I will call this CC for Cauchy criterion:
A sequence (x_n) has the following property: given epsilon>0, there is W(epsilon) in N so that if both n and m are >=W(epsilon), then |x_n-x_m|<epsilon.

We will further contrast it with the following, which I will temporarily label V (it is the definition of convergence):
A sequence (x_n) has the following property: there is a number L so that for any epsilon>0, there is K(epsilon) in N so that if n>=K(epsilon), then |x_n-L|<epsilon.

The purpose of the remainder of this class is to verify that CC and V are equivalent. CC is used a great deal in practice and in theory, because it does not need a specific L to be designated, but guarantees convergence. I'll try to show in classes after vacation how CC is used. First, as always in Math 311, the proofs:

Theorem V implies CC.
Proof: If we have K(epsilon), I need to show you how to "construct" W(epsilon). And this implication is fairly easy: W(epsilon)=K(epsilon/2). Why does everything work? Well, if both n and m are at least the specified W(epsilon), then: |x_n-x_m|=|x_n+0-x_m|=|x_n-L+L-x_m|<=|x_n-L|+|L-x_m| using the triangle inequality. But since n and m are both at least K(epsilon/2) each of the terms |x_n-L| and |L-x_m| are less than epsilon/2, and the sum is certainly less than epsilon.

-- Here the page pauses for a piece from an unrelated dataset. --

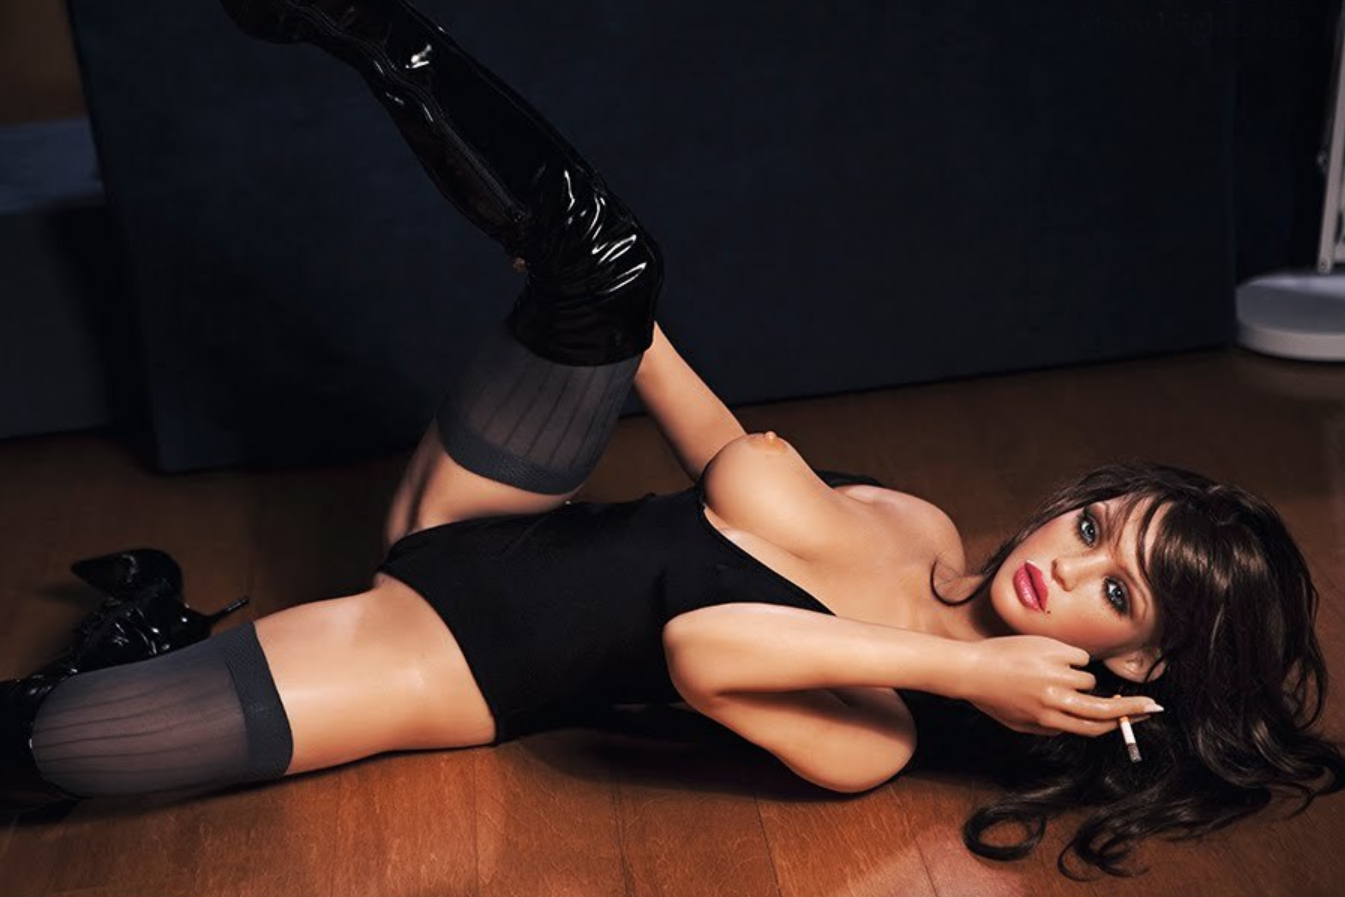 Секс кукла французкая 11 фотография

That wasn't hard. Now for the other way. We will sneak up (?) on the result.

Proposition If (x_n) has CC, then the sequence is bounded.
Proof: Well take some explicit epsilon, say, epsilon=40. Then W(40) is some fixed positive integer, and every x_n with n>=K(40) satisfies |x_n-x_K(40)|<40. But we can "unroll" this inequality so that x_K(40)-40<x_n<x_K(40)+40. Therefore x_K(40)+40 is an upper bound for the infinite tail of the series which begins with the K(40)^th term. And I can "take care" of the earlier ones, only a finite number (!!) with a simple (?) "max". So, here it is: I claim that the max of this finite set: {x_K(40)+40,x₁,x₂,x₃,...,x_K(40)-1} is an upper bound of all of the elements of the sequence. And a good lower bound is the minimum of the set {x_K(40)-40,x₁,x₂,x₃,...,x_K(40)-1}.
I think we are done.

Proposition If (x_n) has CC, then (x_n) has some convergent subsequence.
Proof: Since we know the sequence must be bounded by the previous result, then the Bolzano-Weierstrass Theorem applies. There must be a convergent subsequence.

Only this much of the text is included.